DATASET EXTRACT:
--- START ---

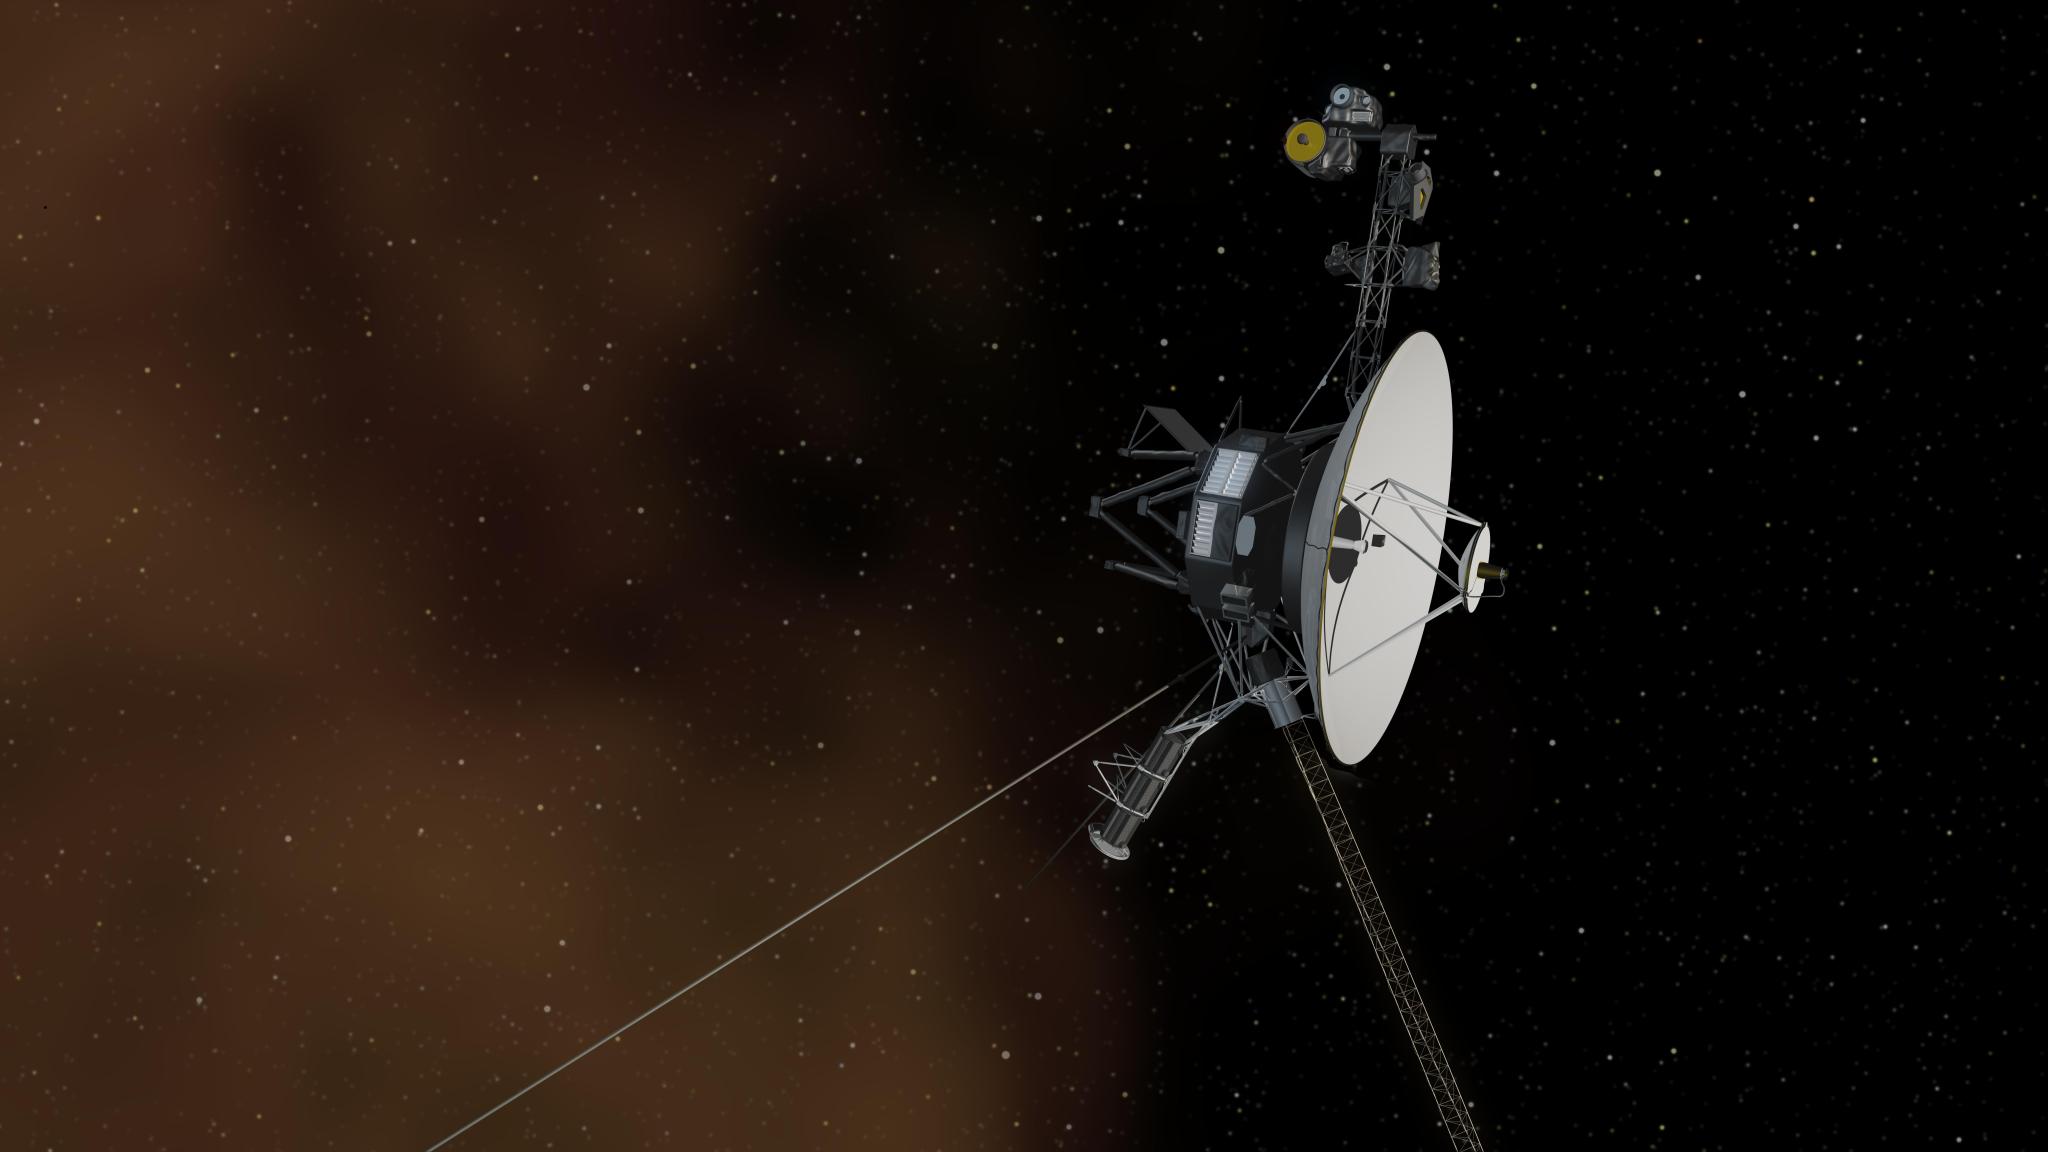 Artist rendering of Voyager
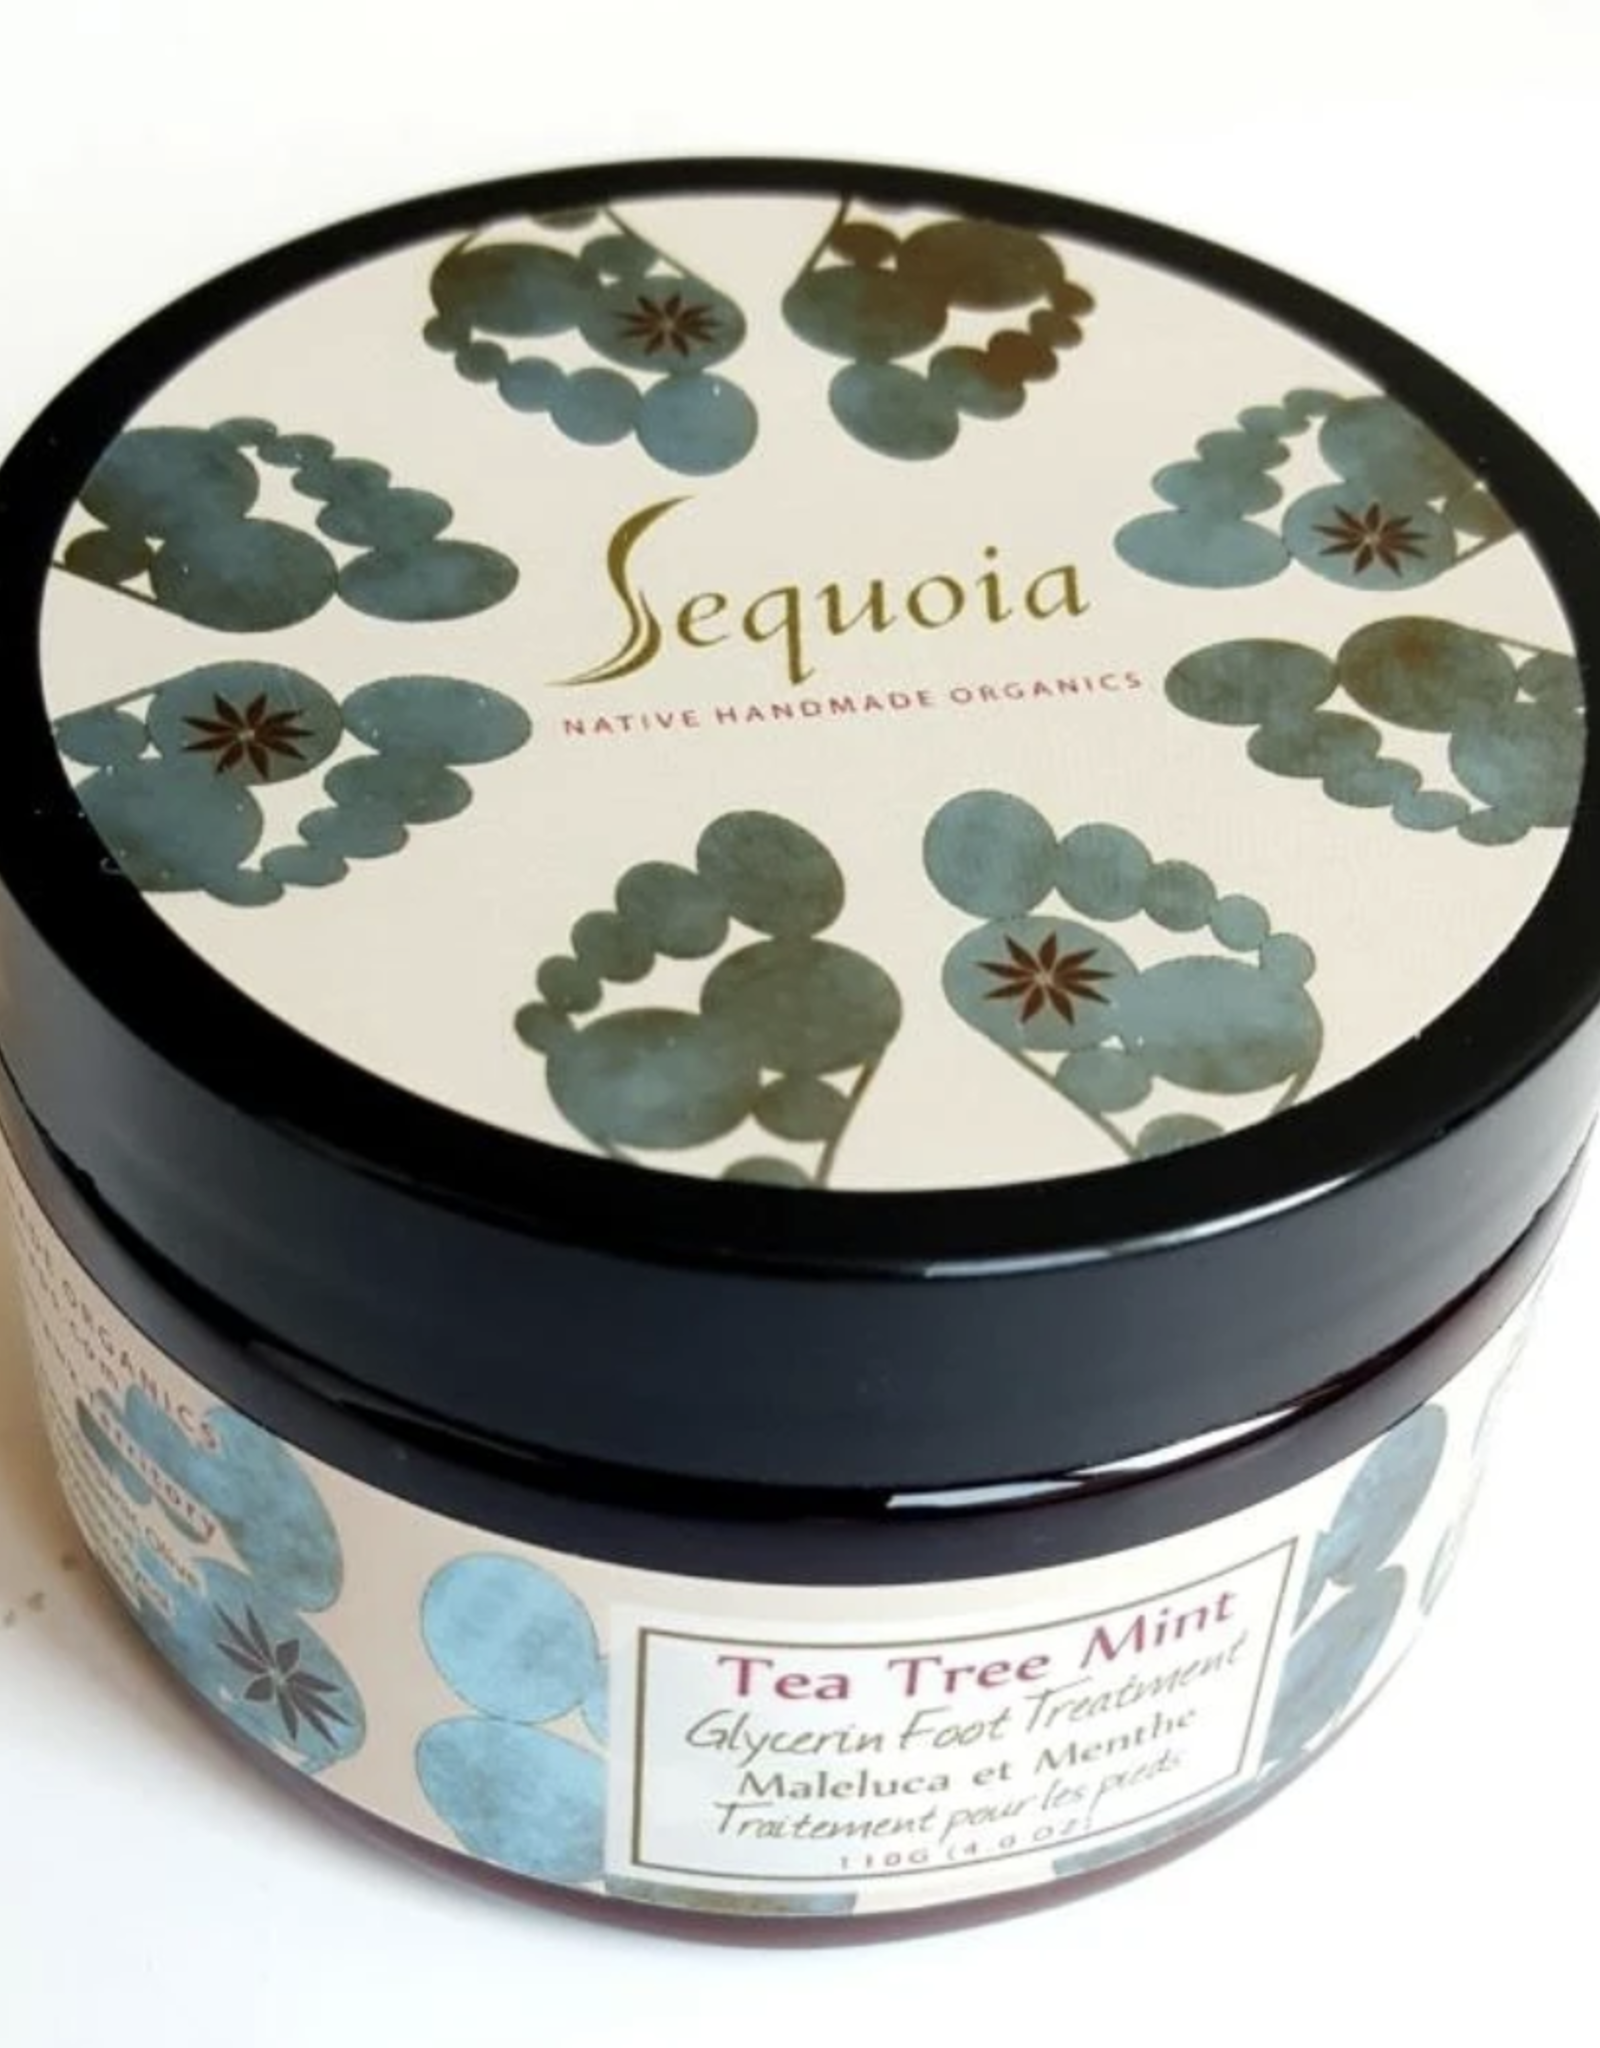 Sequoia Bath & Body Tea Tree Mint Glycerin Foot Treatment
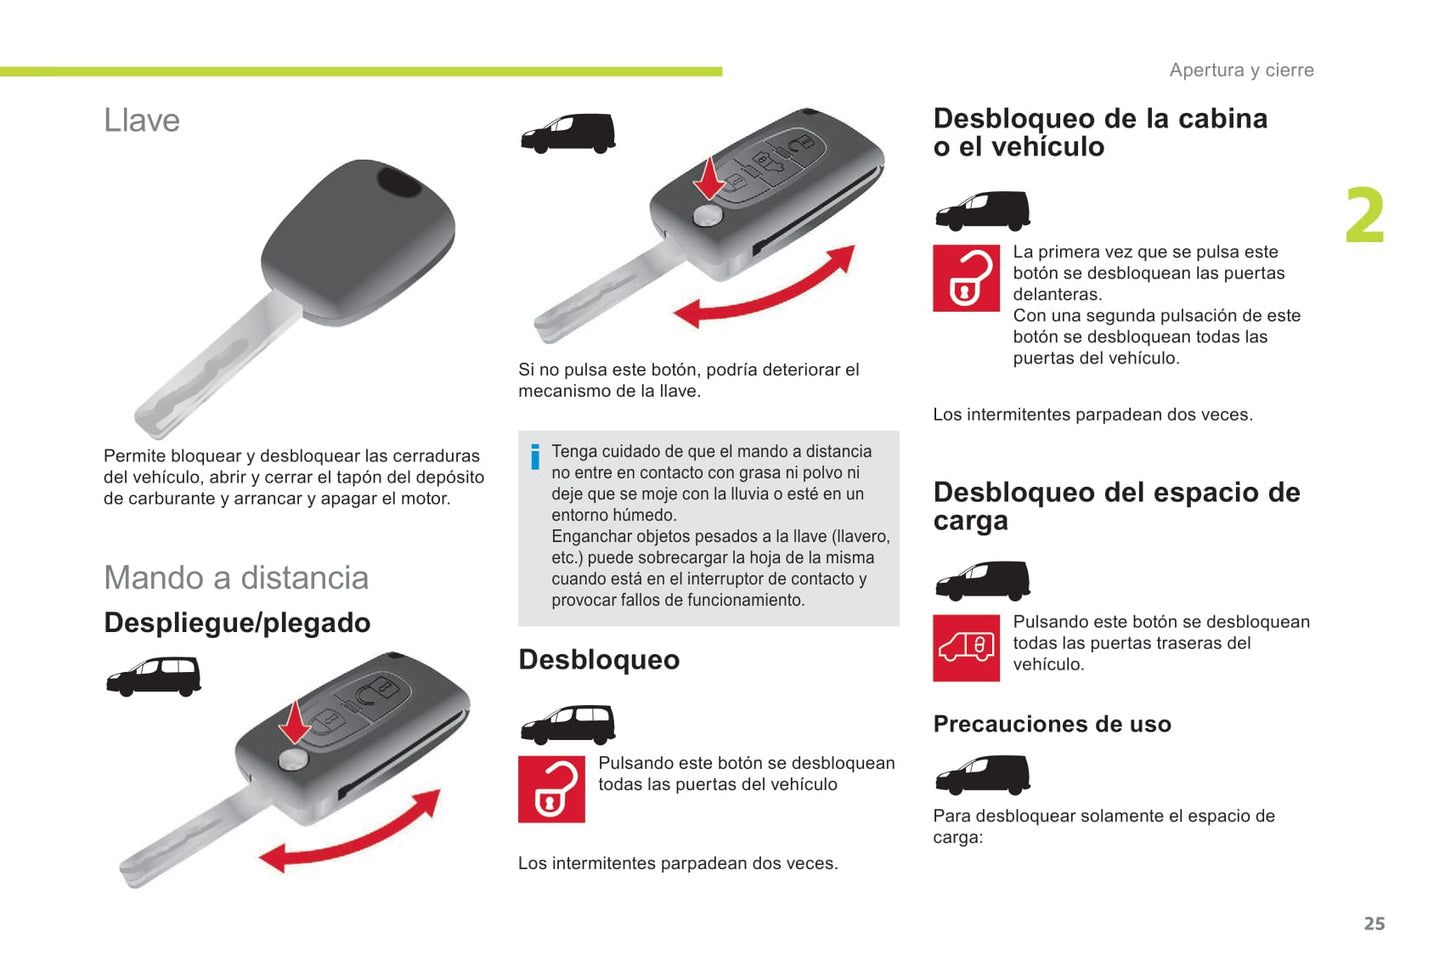 2017-2018 Citroën Berlingo/Berlingo Multispace Gebruikershandleiding | Spaans

--- END ---

DIRECTIONS FOR THIS TASK: Give the listing again word for word, without its images.

EXERCISE OUTPUT:
 Artist rendering of Voyager
 Sequoia Bath & Body Tea Tree Mint Glycerin Foot Treatment
 2017-2018 Citroën Berlingo/Berlingo Multispace Gebruikershandleiding | Spaans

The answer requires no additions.